A chill of apprehension lifts the hairs on my neck.

“Well, Jack,” the male rider on my right says slowly, scratching the trim lines of his dark goatee. He’s not wearing a cloak, and the rain soaks into the bevy of patches stitched into a worn leather jacket. “Cadet Sorrengail has you by the actual balls here, in more ways than one. She’s right. Regs state that there’s nothing but respect among riders at formation. You want to kill her, you’ll have to do it in the sparring ring or on your own time. That is, if she decides to let you off the parapet. Because technically, you’re not on the grounds yet, so you are not a cadet. She is.”

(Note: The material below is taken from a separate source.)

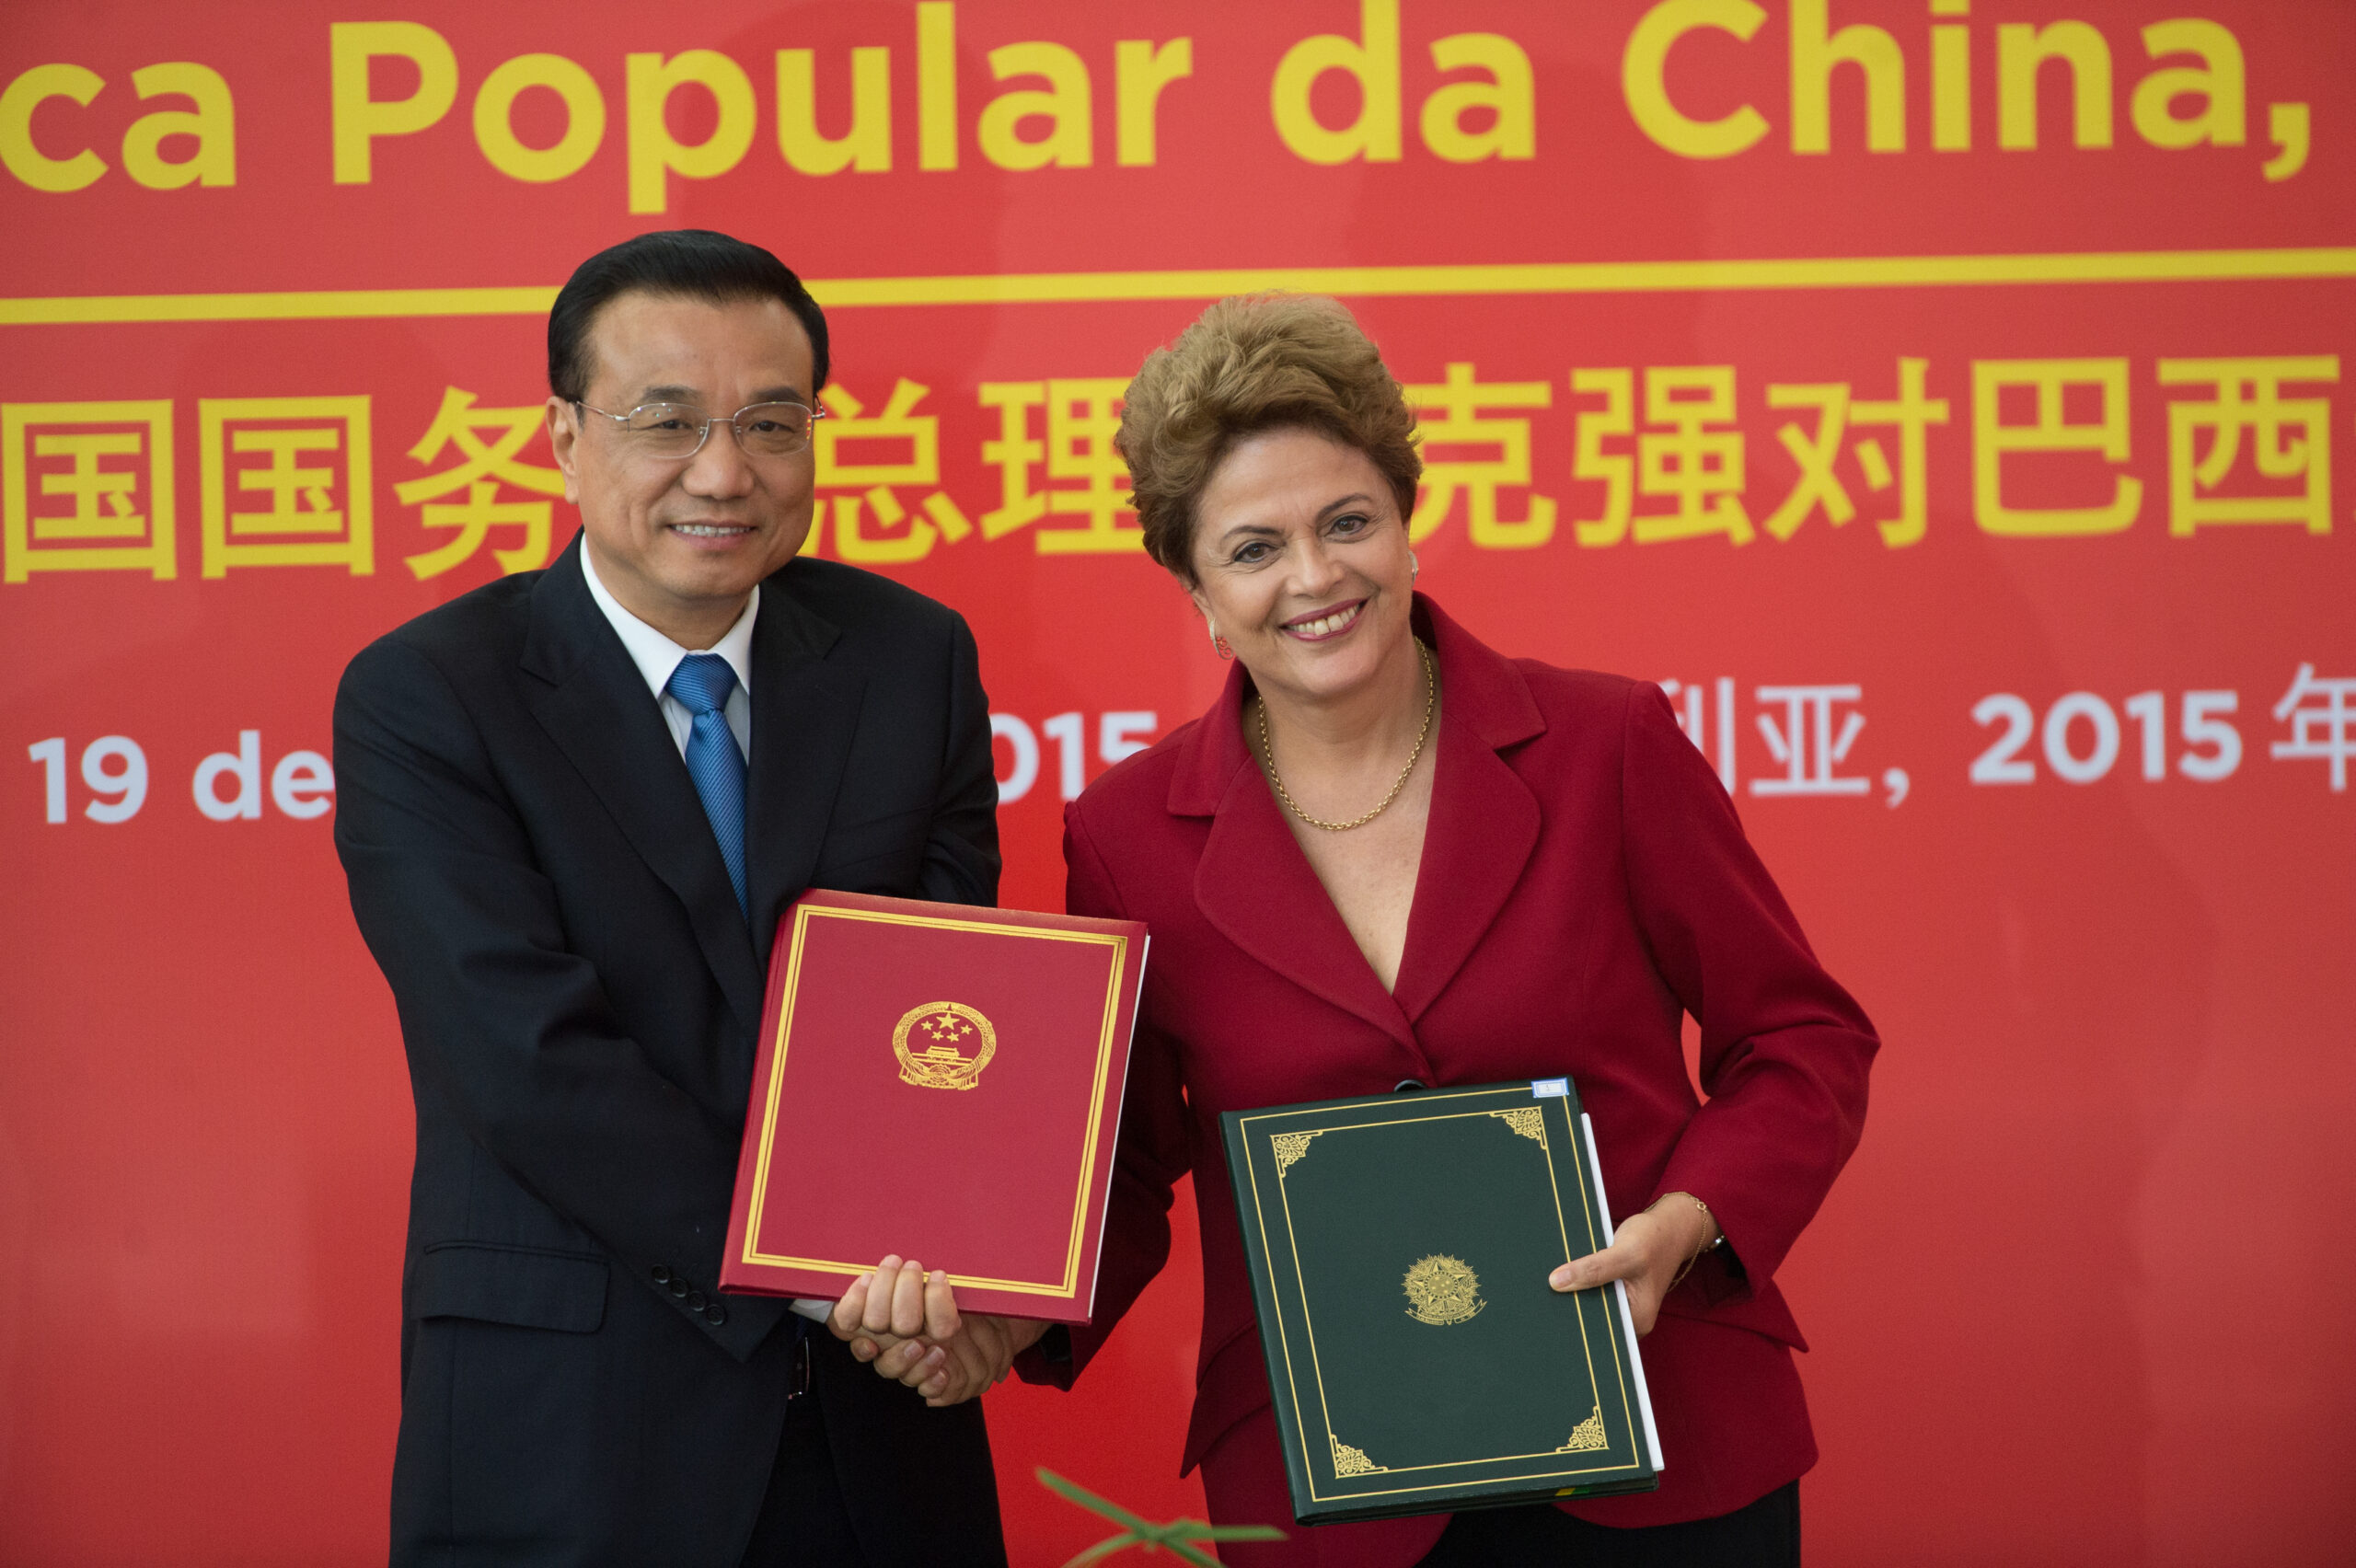 China e Brasil: História de uma parceria estratégica - Vermelho

“And if I decide to snap her neck the second I step down?” Jack growls, and the look in his eyes says he’ll do it.

“Then you get to meet the dragons early,” the redhead answers, her tone bland. “We don’t wait for trials around here. We just execute.”

“What’s it going to be, Sorrengail?” the male rider asks. “You going to have Jack here start as a eunuch?”

Shit. What is it going to be? I can’t kill him, not at this angle, and slicing off his balls is only going to make him hate me more, if possible.